◆ Assigned task: Only the pictures are to be omitted; everything else in the listing must be reproduced exactly.

◆ Provided data:
------------------------------------------------------------

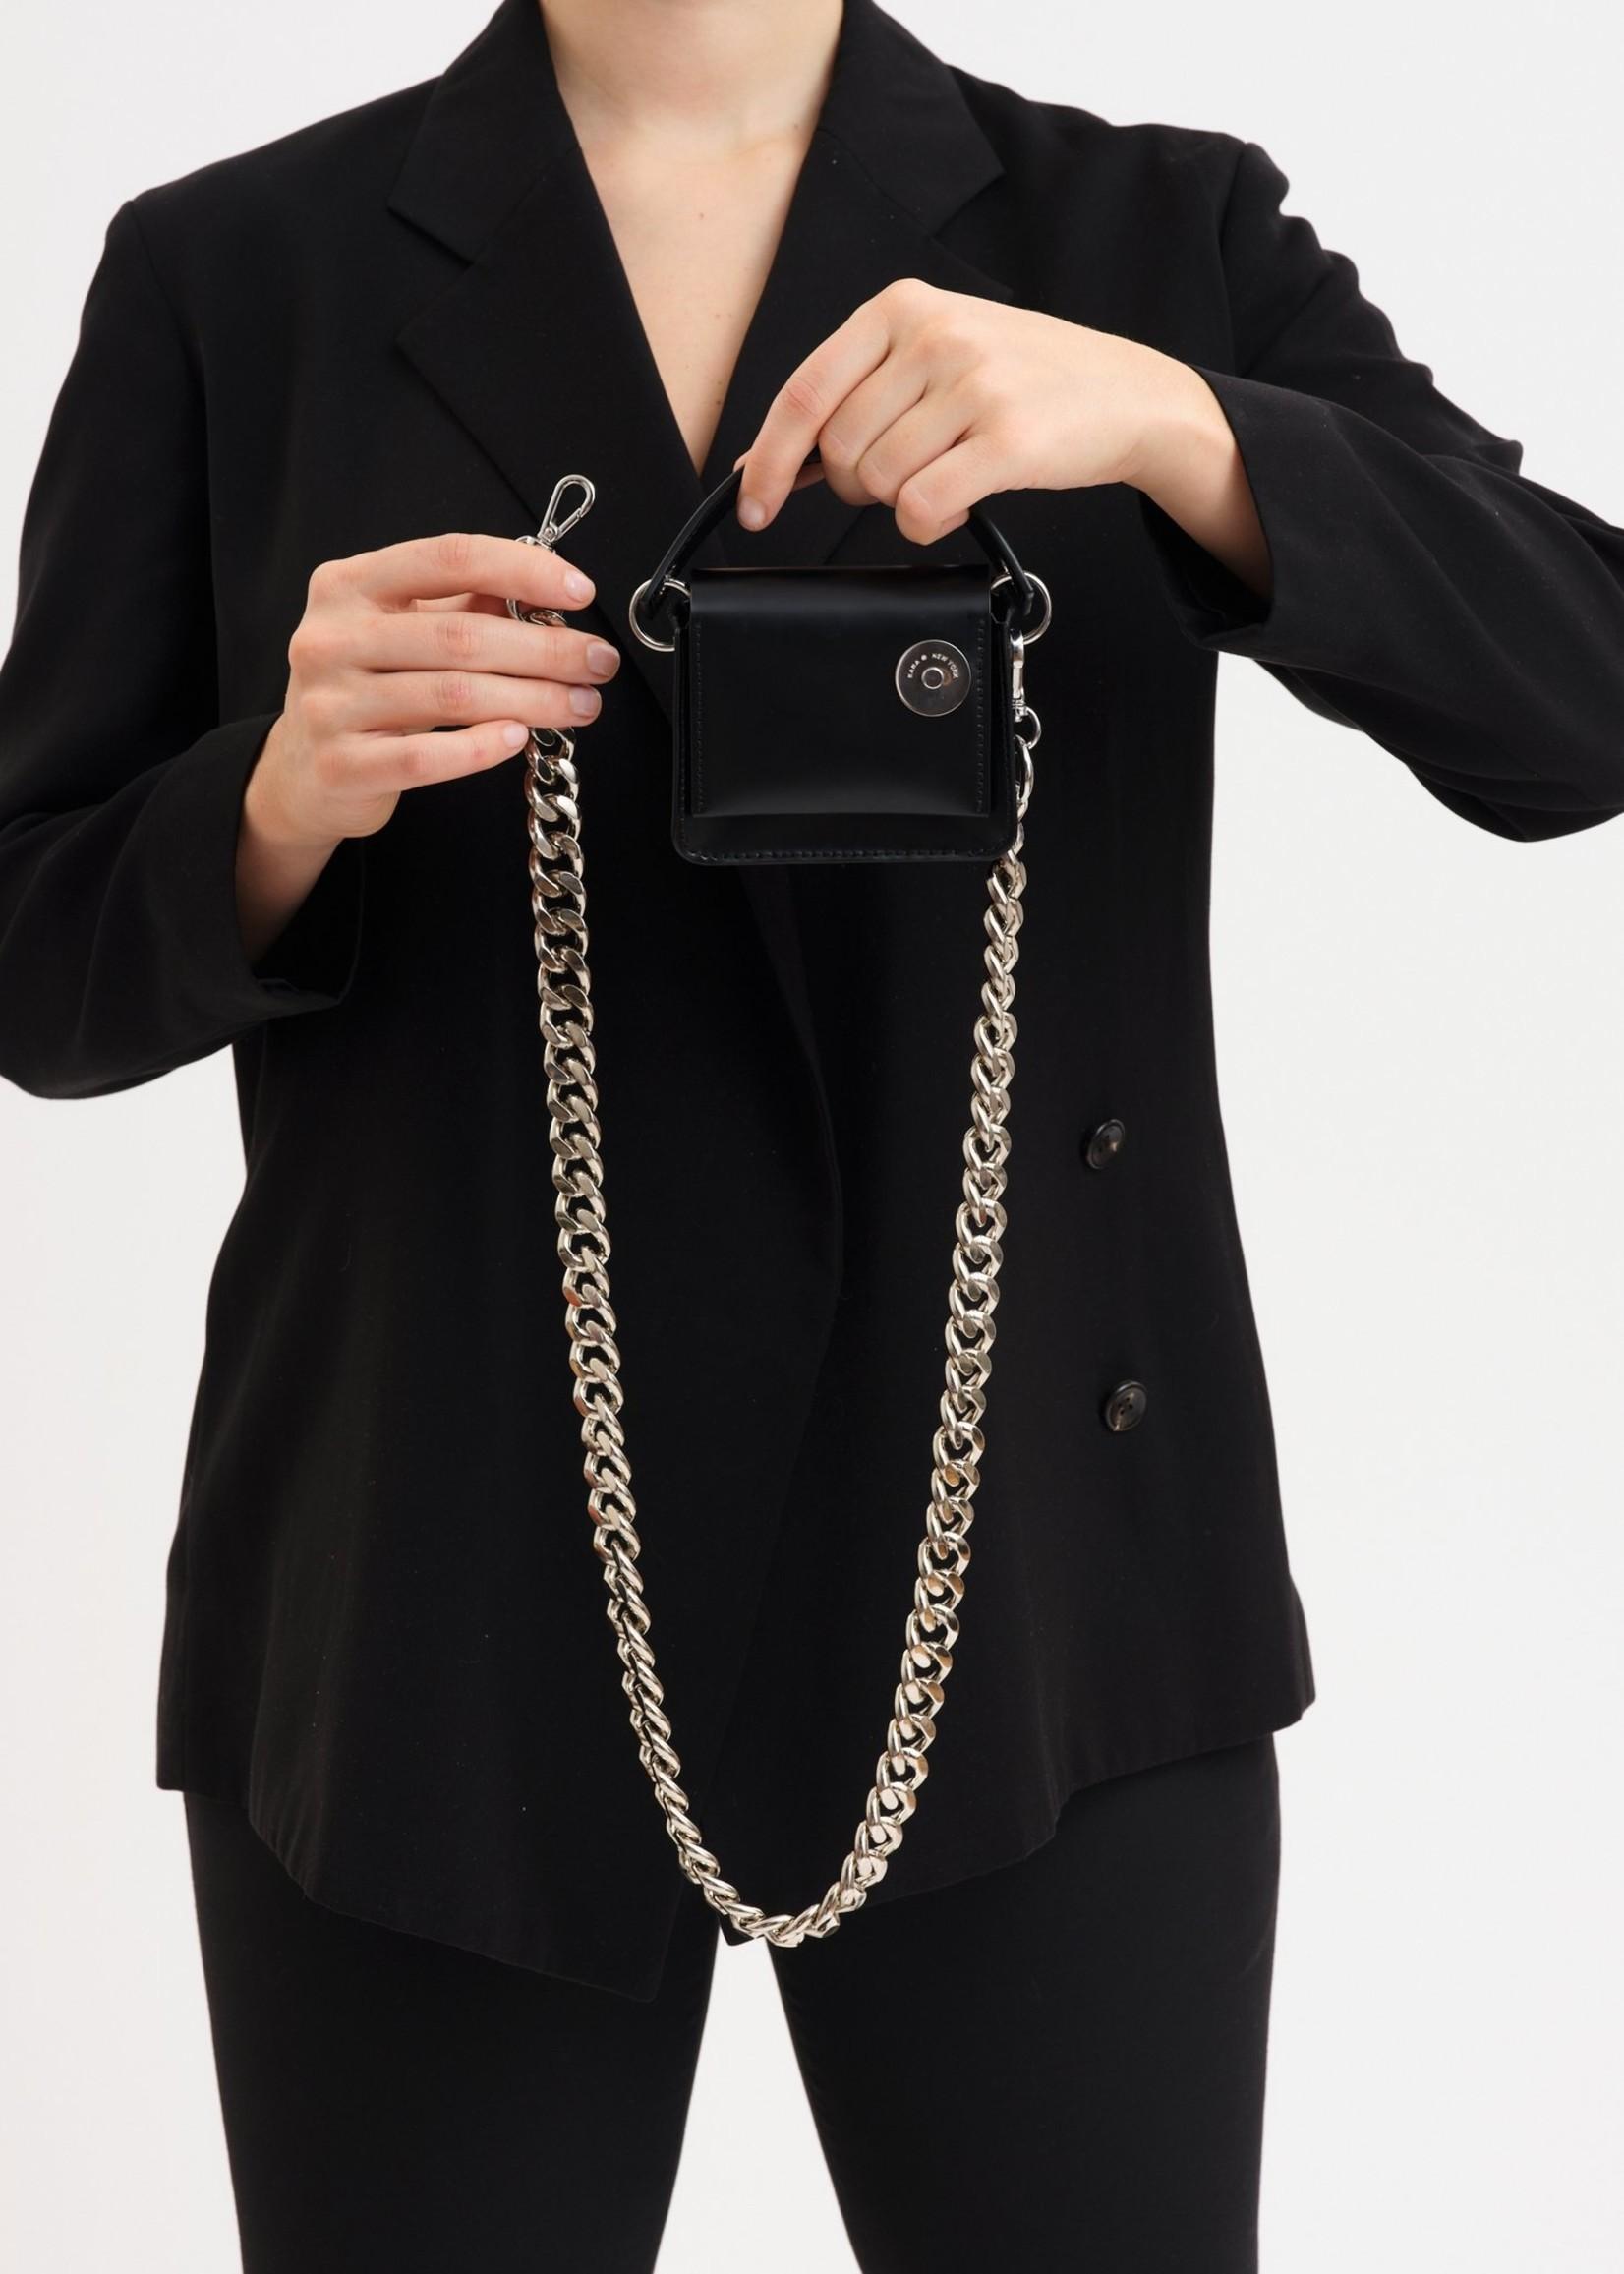 KARA Micro Pinch Chain Bag in Slime
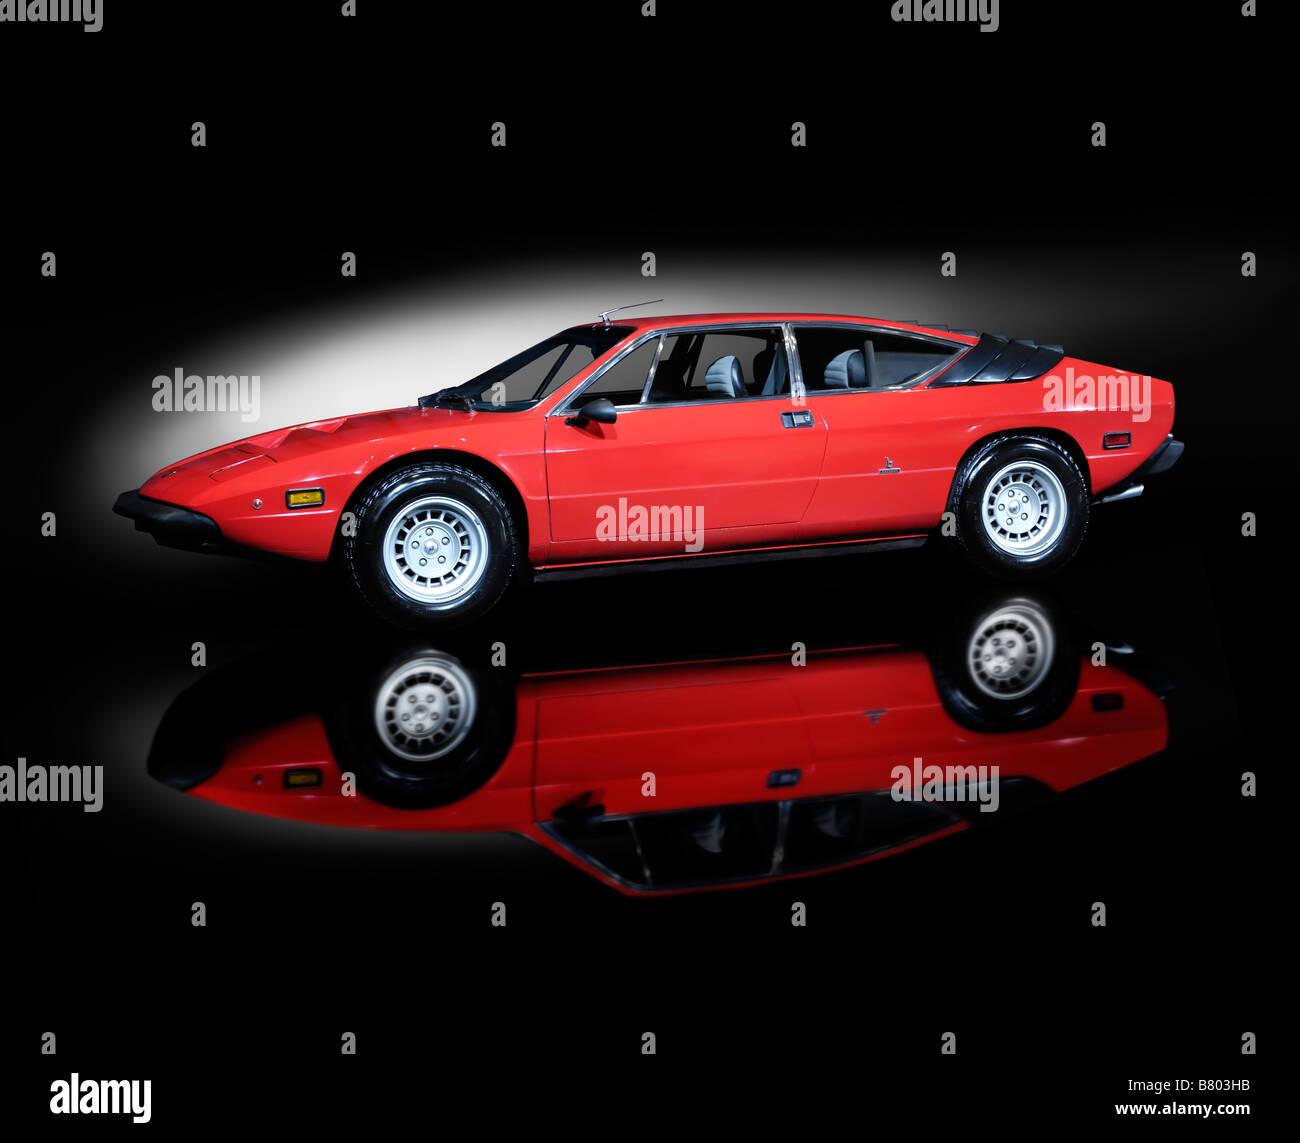 Lamborghini Urraco rouge super voiture rétro Photo Stock
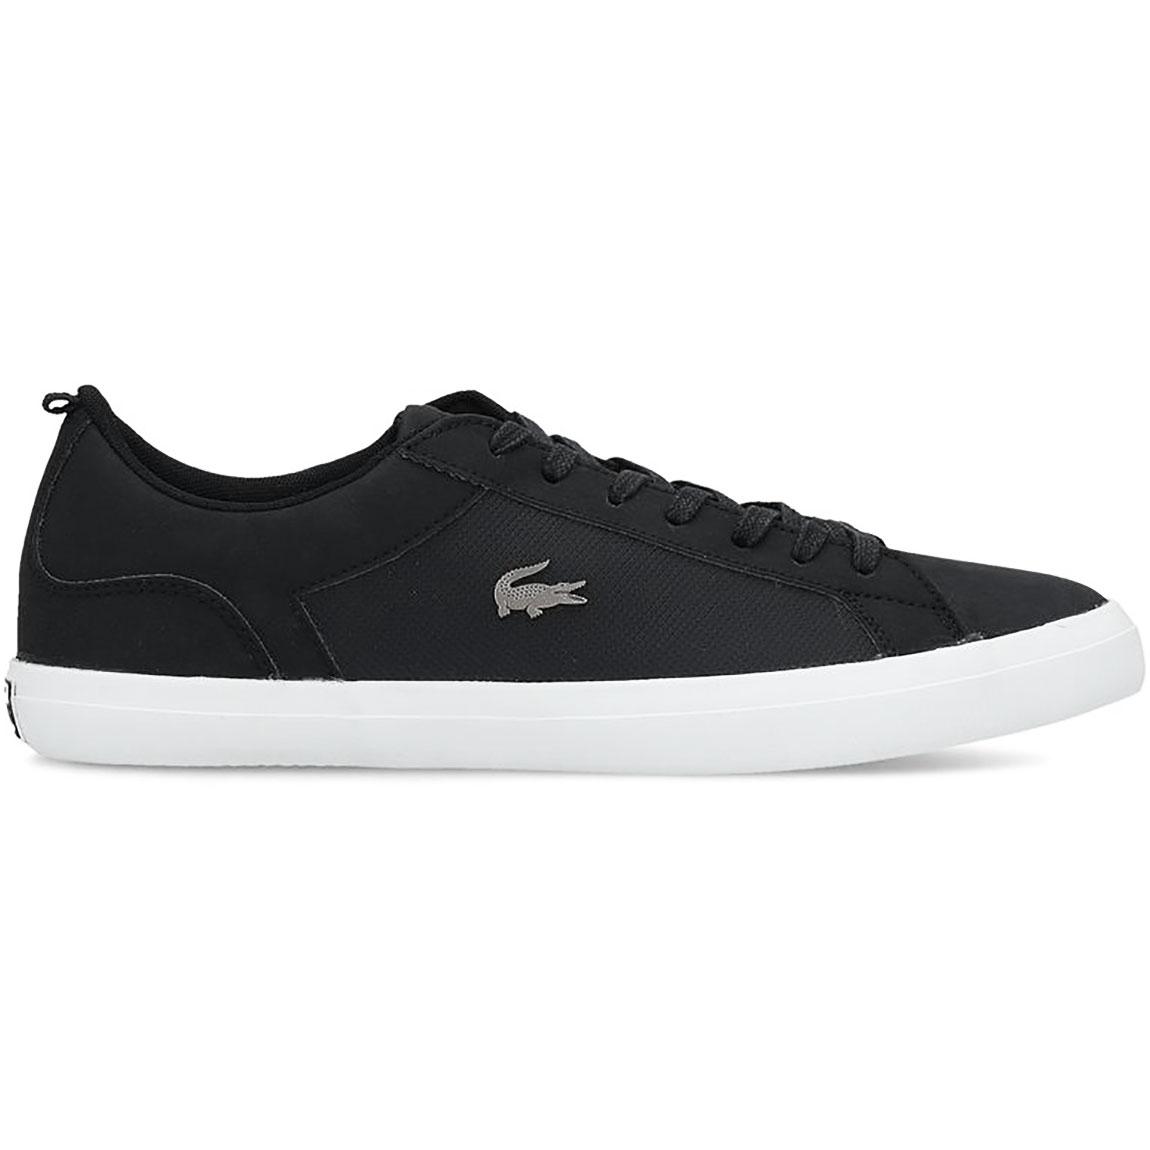 Lacoste Lerond 119 Herren Sneaker schwarz 7-37CMA0046454
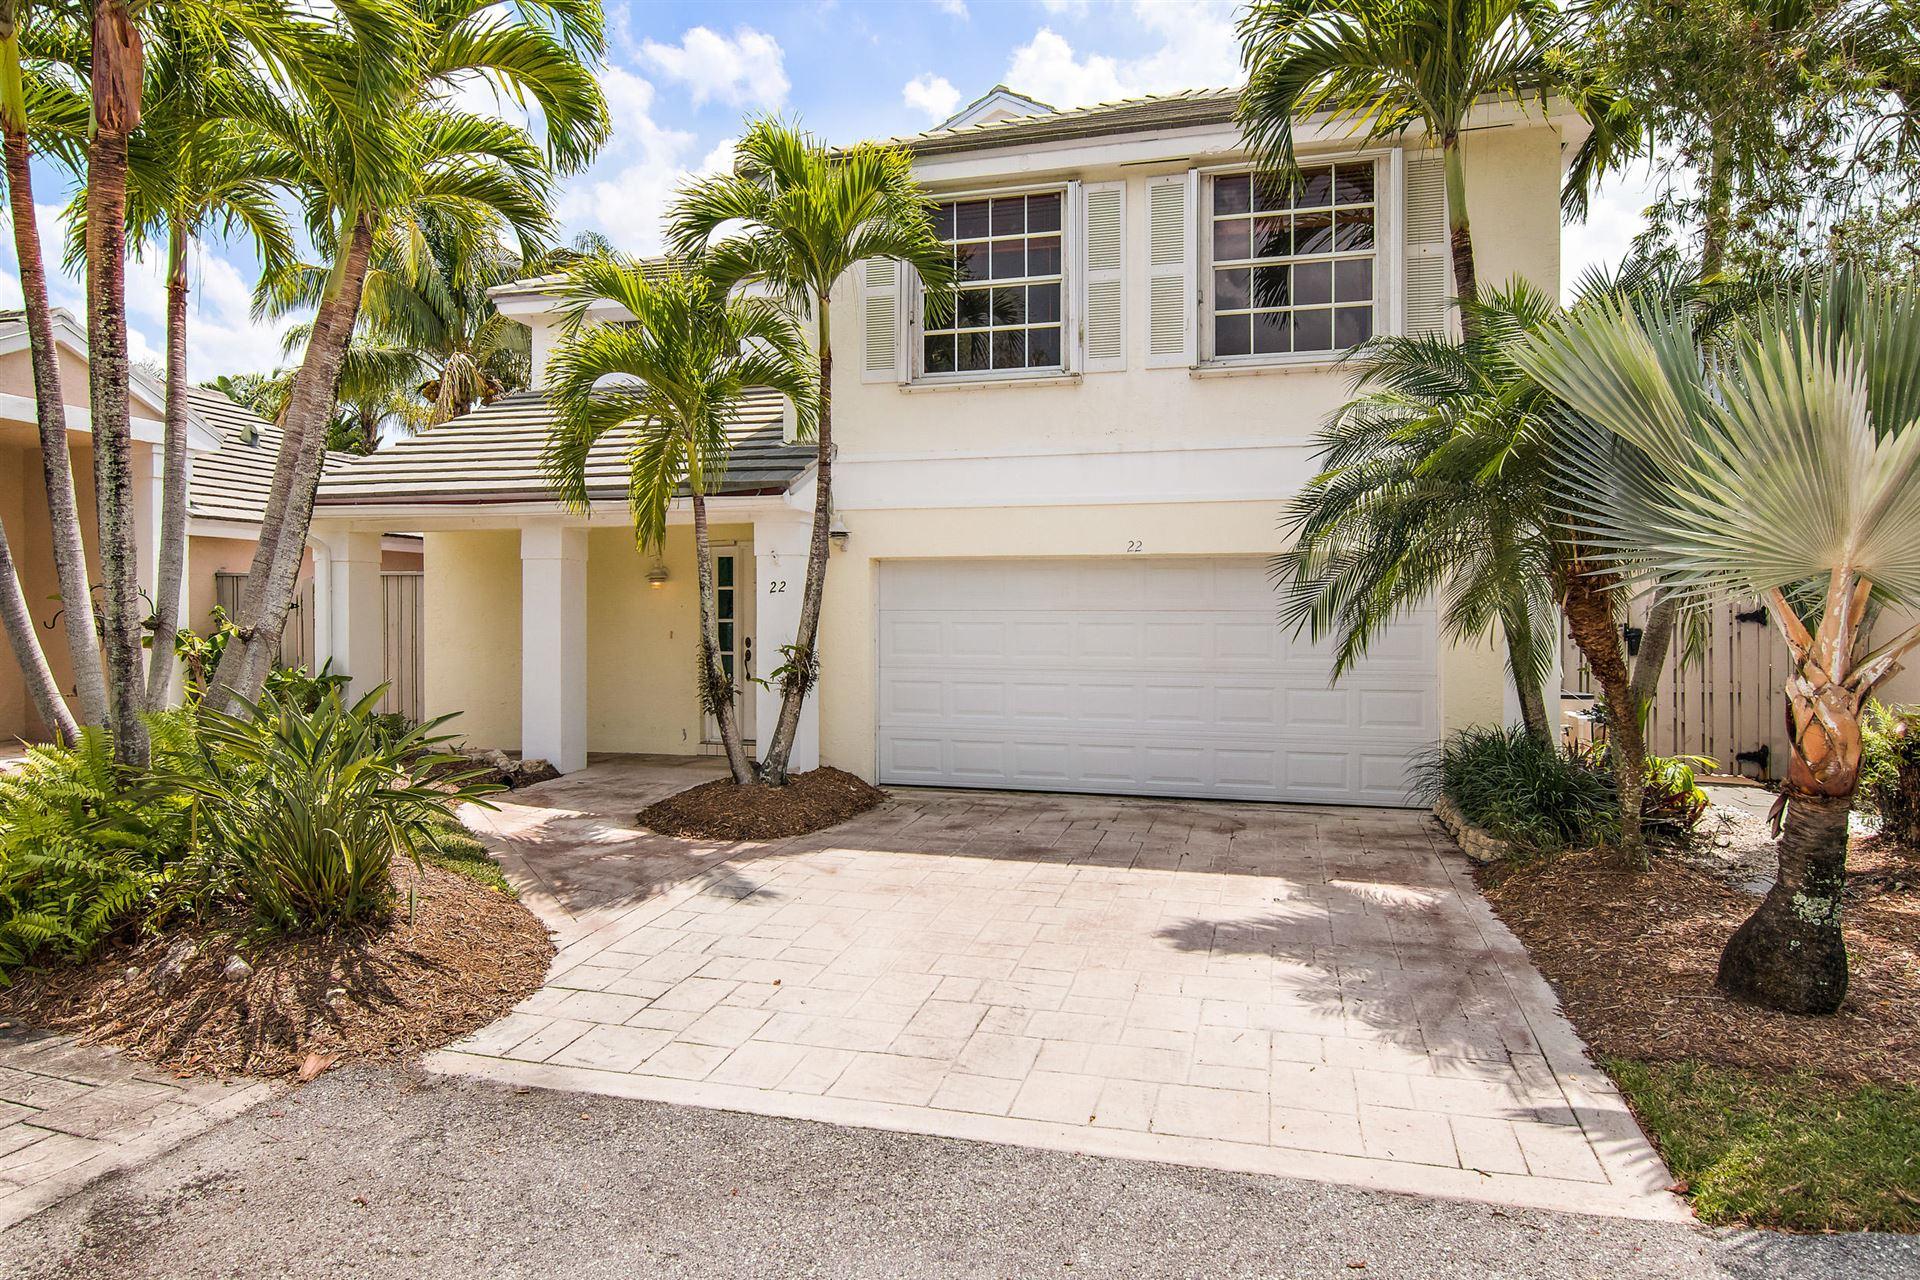 22 Governors Court, Palm Beach Gardens, FL 33418 - MLS#: RX-10700928

------------------------------------------------------------

◆ Written answer:
 KARA Micro Pinch Chain Bag in Slime
 Lamborghini Urraco rouge super voiture rétro Photo Stock
 Lacoste Lerond 119 Herren Sneaker schwarz 7-37CMA0046454
 22 Governors Court, Palm Beach Gardens, FL 33418 - MLS#: RX-10700928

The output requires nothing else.